Zufrieden sein

  • Ich weiß, es gab schon ähnliche Threads. Aber mich interessiert es einfach.


    Seid ihr grundsätzlich zufrieden im Moment? Was braucht ihr dazu? Was fehlt euch, wenn ihr es nicht seid? Wie wart ihr in unzufriedenen Phasen aufgestellt bzw. was hat diese Phasen charakterisiert?


    Was denkt ihr, was braucht man grundsätzlich, um dauerhaft zufrieden sein zu können?


    Geht das in euren Augen?

  • Ich glaube zwar, dass du ganz bestimmt nicht auf meine Antwort gewartet hast, ich antworte trotzdem.


    Wirklich zufrieden war ich noch nie.


    Ansonsten denke ich, dass es für jeden einzelnen etwas anderes bedeuten kann, weswegen man zufrieden ist, sein kann.

  • Das finde ich eine wirklich interessante Frage! Ich hab mir darüber noch nie Gedanken gemacht ^^

    Also ich glaube, am wichtigsten für mich ist, dass ich meine Liebsten habe.

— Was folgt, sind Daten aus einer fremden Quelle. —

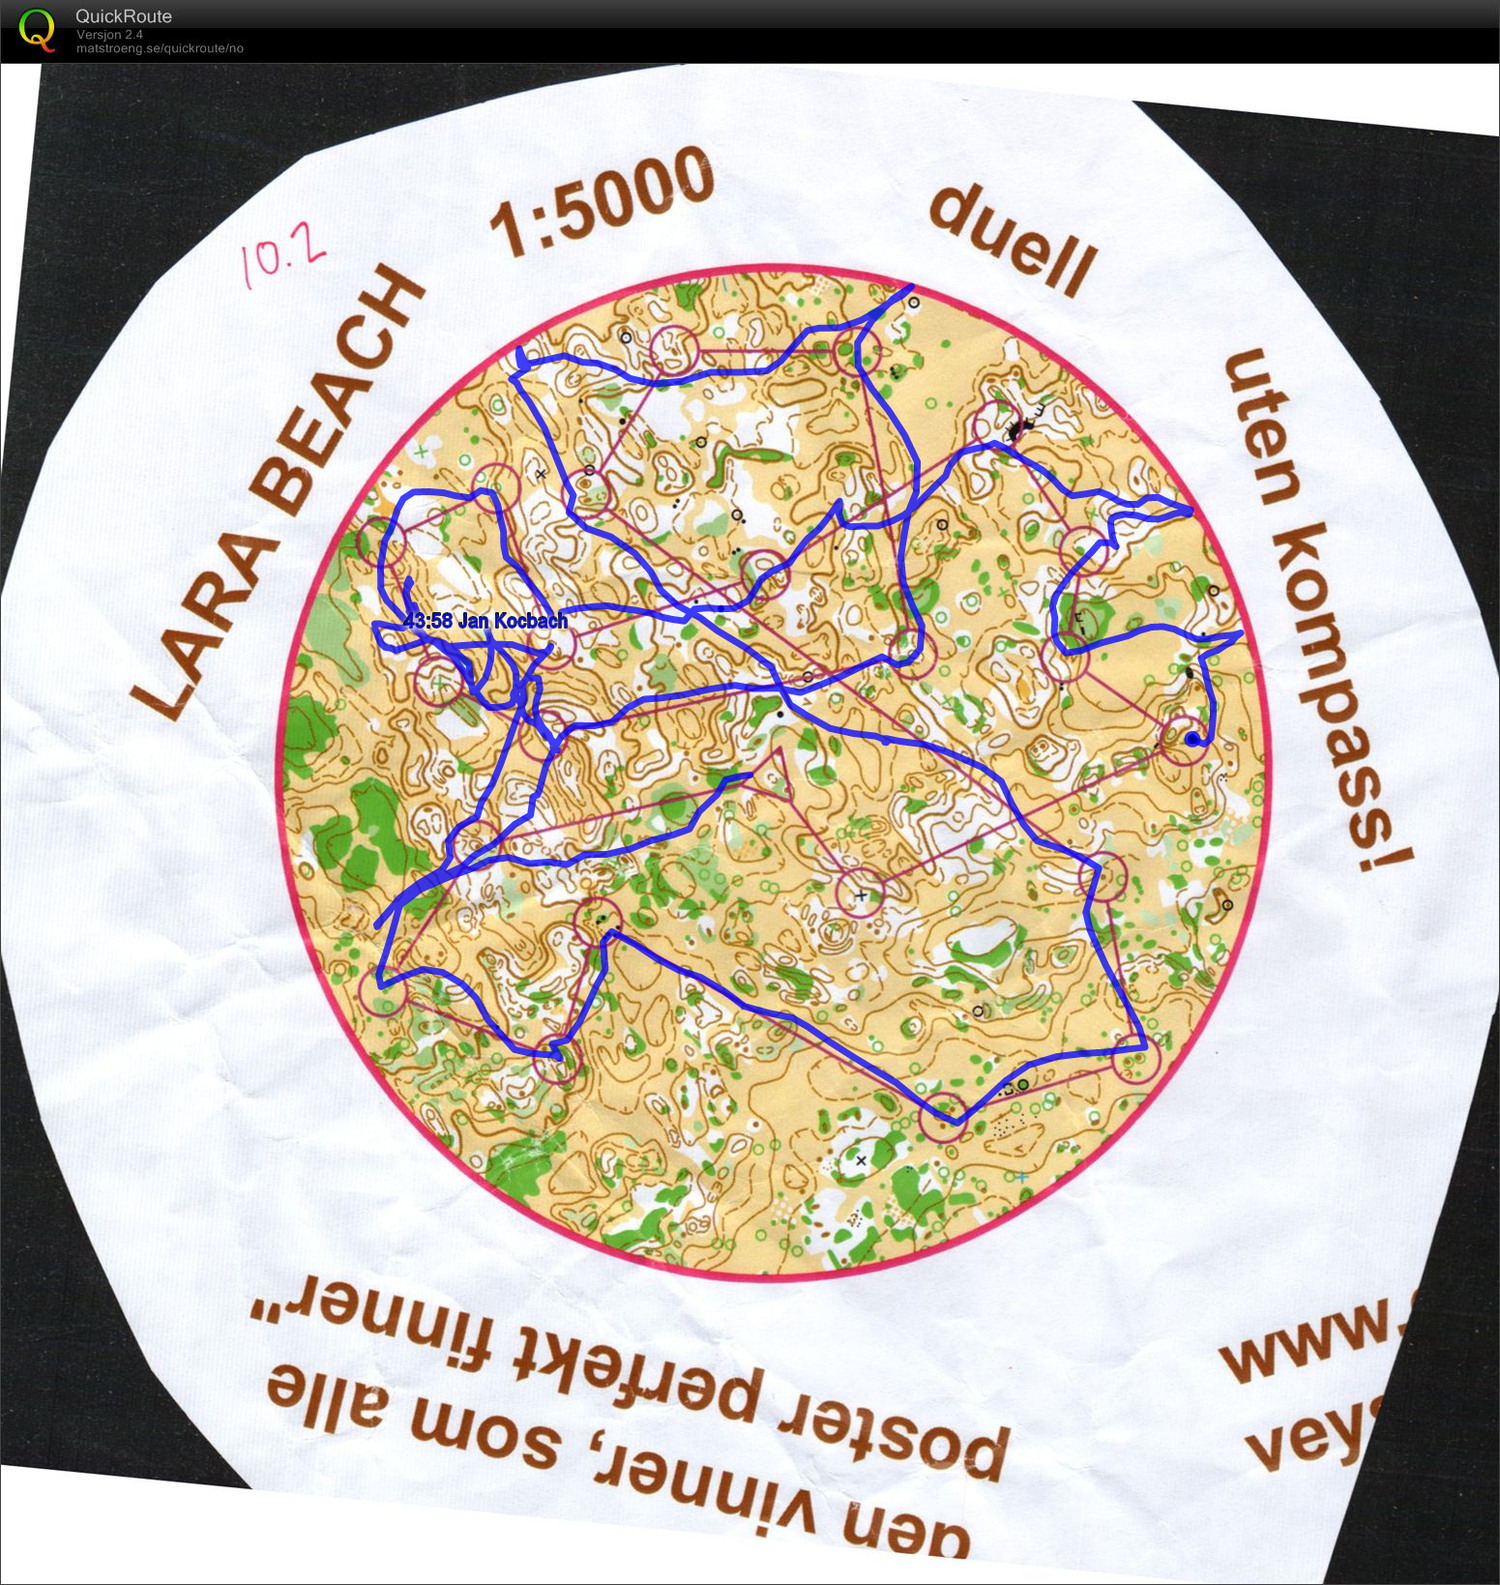 Circular map without compass (2013-02-26)

Das sind meine Familie und Freunde. Ich bin ein sehr sozialer Mensch und würde eingehen, wenn ich alleine wäre. Ich bin auch sehr harmoniebedürftig. Ein großer Streit würde meine Zufriedenheit auch stark negativ beeinflussen.

    Das zweite ist, dass ich ein gewisses Grundeinkommen und Rücklagen habe, die es mir ermöglichen, mir keine Sorgen um Geld machen zu müssen. Ich bin nicht reich und das muss ich auch nicht sein. Es geht wie gesagt einfach um ein Sorglosgefühl.

    Dass ich meinen Job im allgemeinen gerne mache, ist natürlich auch ein positiver Effekt.

    Ich fühle mich in unserem zu Hause auch wohl. Das ist mir tatsächlich auch wichtig.

    Und die quality time, also Zeit für Unternehmungen oder einfach für mich ist auch sehr wichtig.

    Es gibt bestimmt noch mehr Faktoren. Aber das ist jetzt so das erste, das mir dazu einfällt.


    Wie ist es bei dir?

  • Seid ihr grundsätzlich zufrieden im Moment?


    Nein dafür gibt es zu viel zu beklagen. Es gibt zu viele negative Einflüsse von außen die Zufriedenheitskiller sind.

    Zufrieden sein beinhaltet ja das Wort Frieden, also in Frieden leben zu können, dies wird uns leider verwehrt, wir bekommen beispielsweise gesagt: das ist jetzt wichtig wäre Krieg zu führen und eben nicht "in" oder zu-frieden zu sein.


    Wir bekommen doch von früh bis spät erzählt dass irgendetwas nicht gut ist so wie es ist und das ganz ganz viel geändert werden muss damit dann irgendwann mal alles gut sein wird. Nur es ist nie genug und es wird auch niemals irgendwas gut.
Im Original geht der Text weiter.